Lowe’s targets safer paint strippers
The retailer pledges to remove methylene chloride by the end of the year.
Mooresville, N.C.-based Lowe’s says it is committed to removing the chemicals methylene chloride and NMP from all paint-removal products globally by the end of 2018.
Of the two chemicals on the removal list, methylene chloride is considered the most harmful – though it’s also considered highly effective in removing paint. The decision to require safer alternatives is a move that had been urged on by various environmental groups and consumer advocates.
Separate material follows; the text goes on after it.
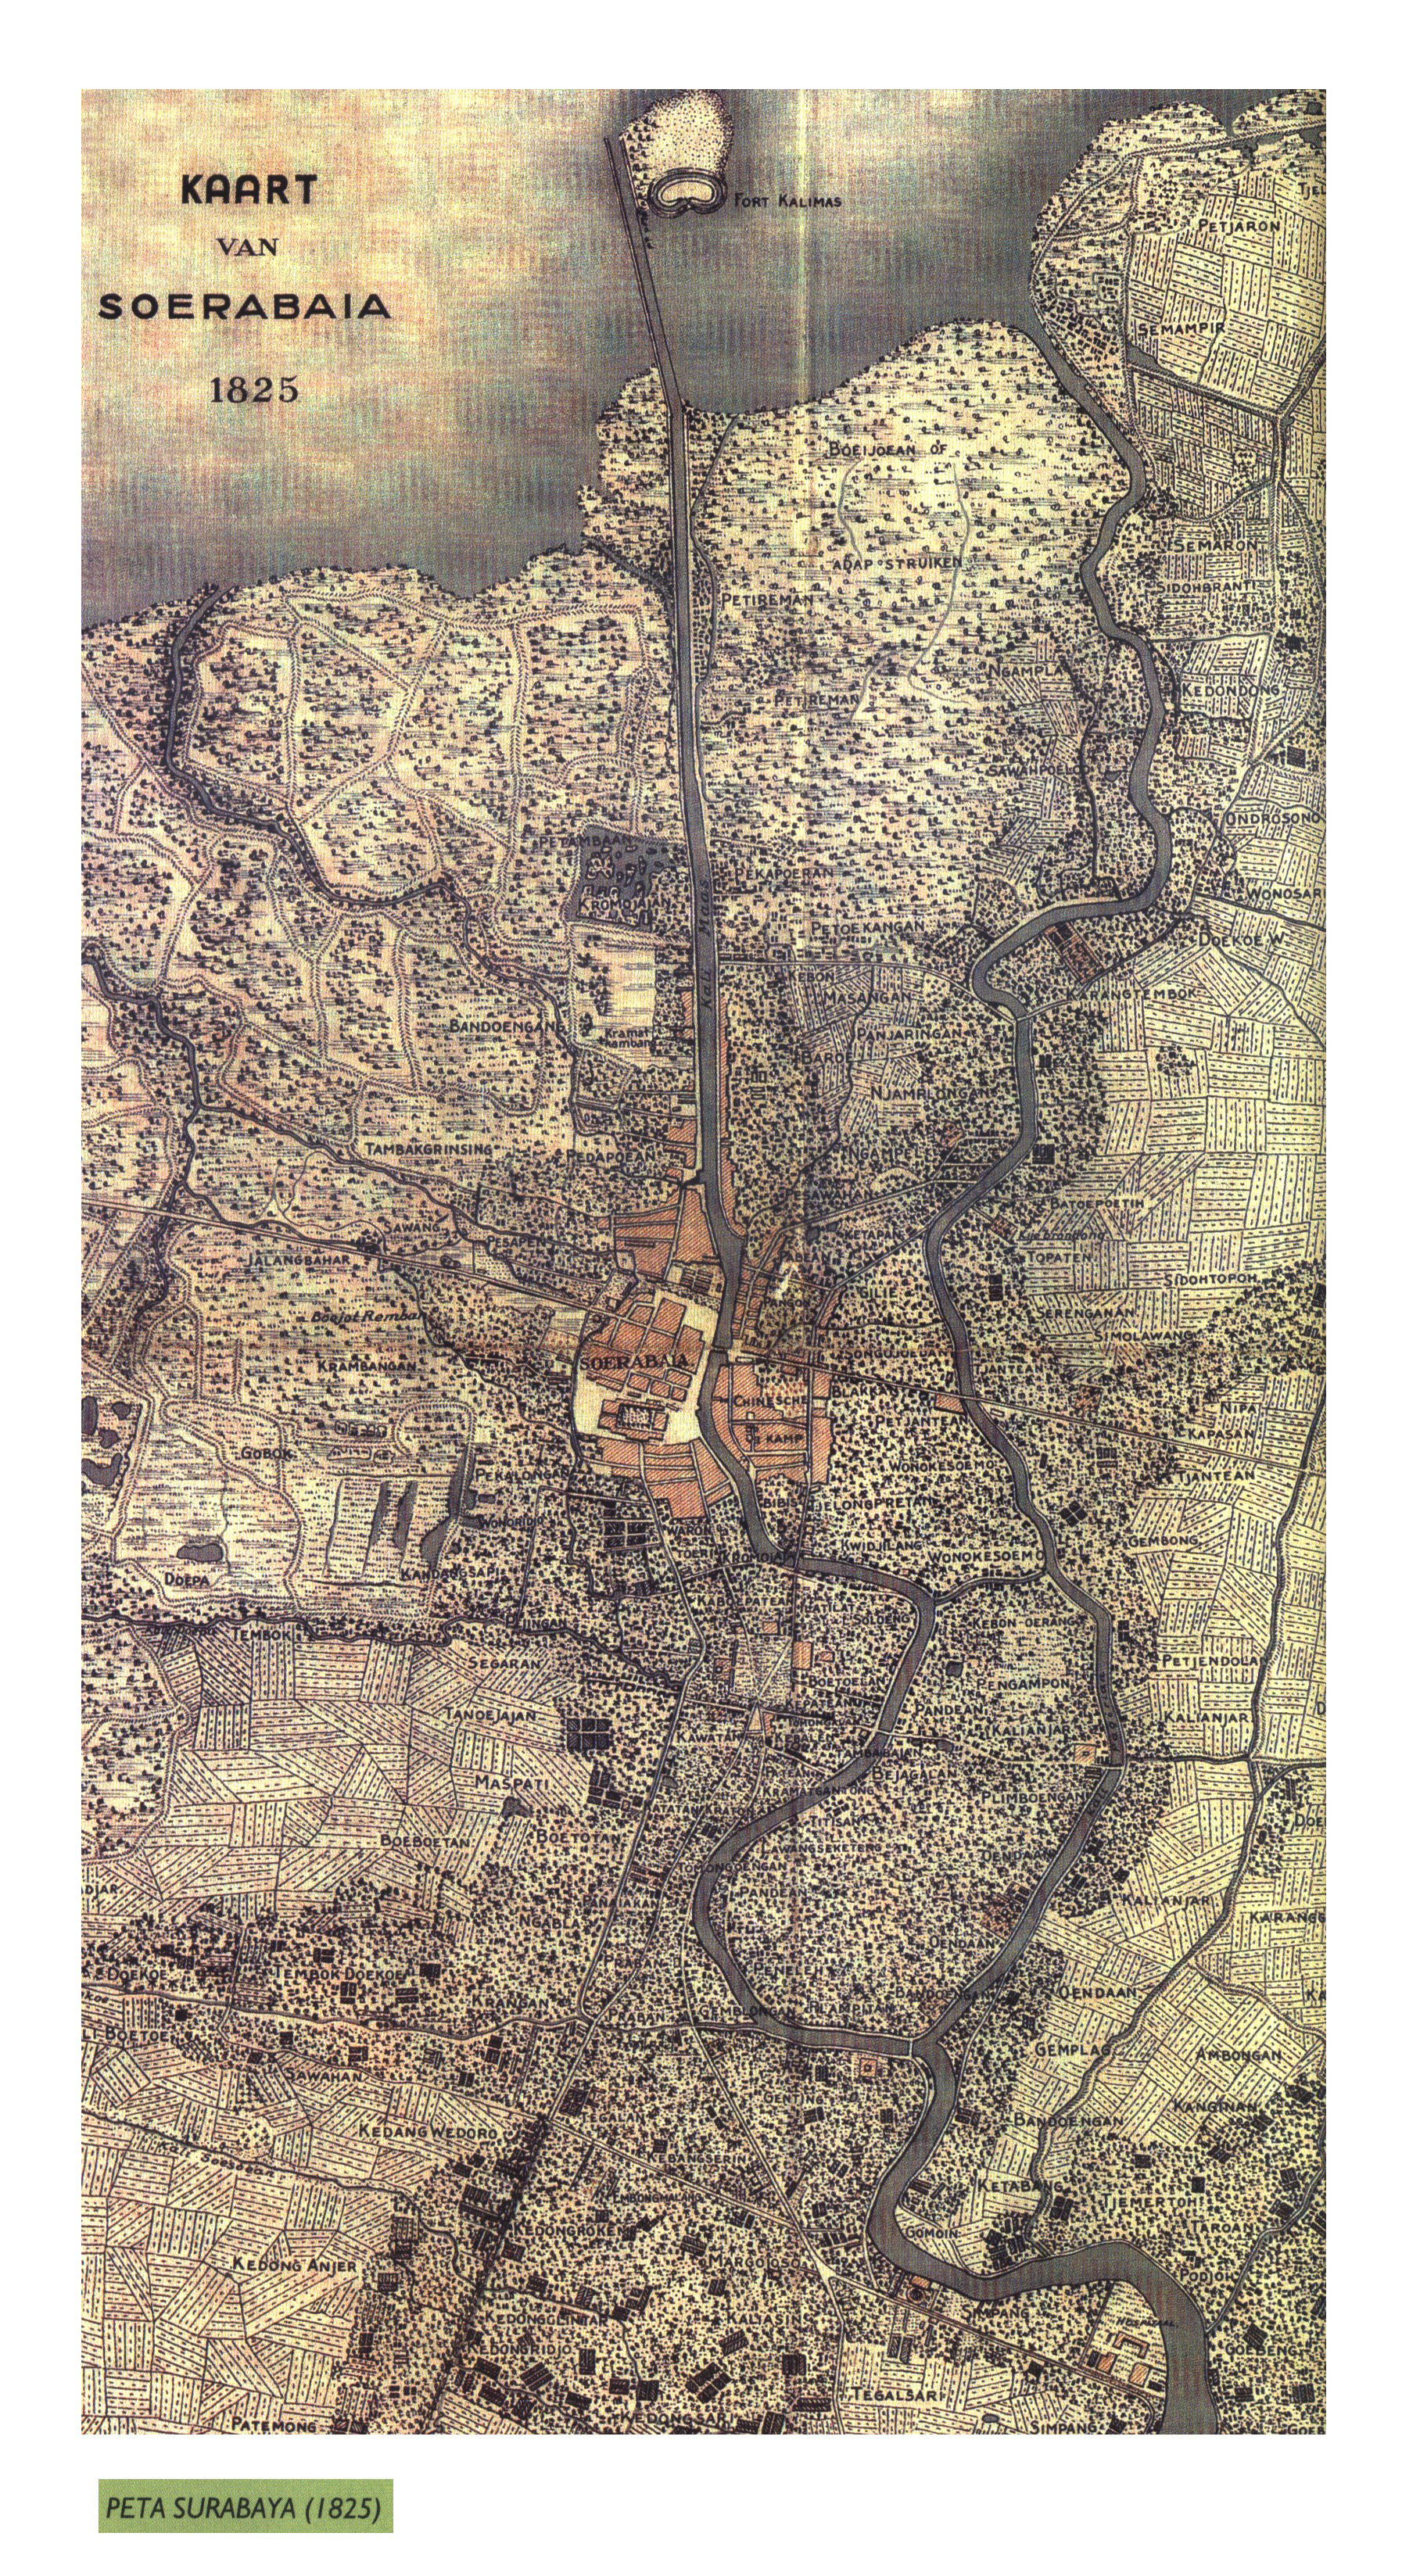 Surabaya in 1825. Map provided by the Badan Perencanaan Pembangunan Kota Surabaya (BAPPEKO Surabaya).

An article in the News & Observer reported that more than 60 people have died from methylene chloride exposure in the last 38 years. NMP is linked to miscarriages and stillbirths.
Lowe’s says it is working closely with suppliers to find safer paint-removal alternatives to its customers.
“We care deeply about the health and safety of our customers, and great progress is being made in the development of safer and more effective alternatives,” said Mike McDermott, Lowe’s chief customer officer. “As a home improvement leader, we recognize the need for viable paint removal products and remain committed to working closely with suppliers to further innovate in this category.”
The chemical ban was one of the highlights of the company’s new corporate responsibility report.
“We made great progress in our commitment to corporate responsibility in 2017, including achieving a 2020 goal early by reducing U.S. store carbon emissions,” said Colleen B. Penhall, Lowe’s vice president of corporate social responsibility. “We look forward to building on that momentum as we advance our efforts to meet all of our corporate responsibility goals. We remain committed to using our time, talents and resources to deliver on our purpose and grow in a way that makes our world better and our communities stronger.”
Lowe’s is continuing to phase out other products from its mix: in-stock corded window blinds, neonicotinoid pesticides, formaldehyde, ortho-phthalates and VOC paints.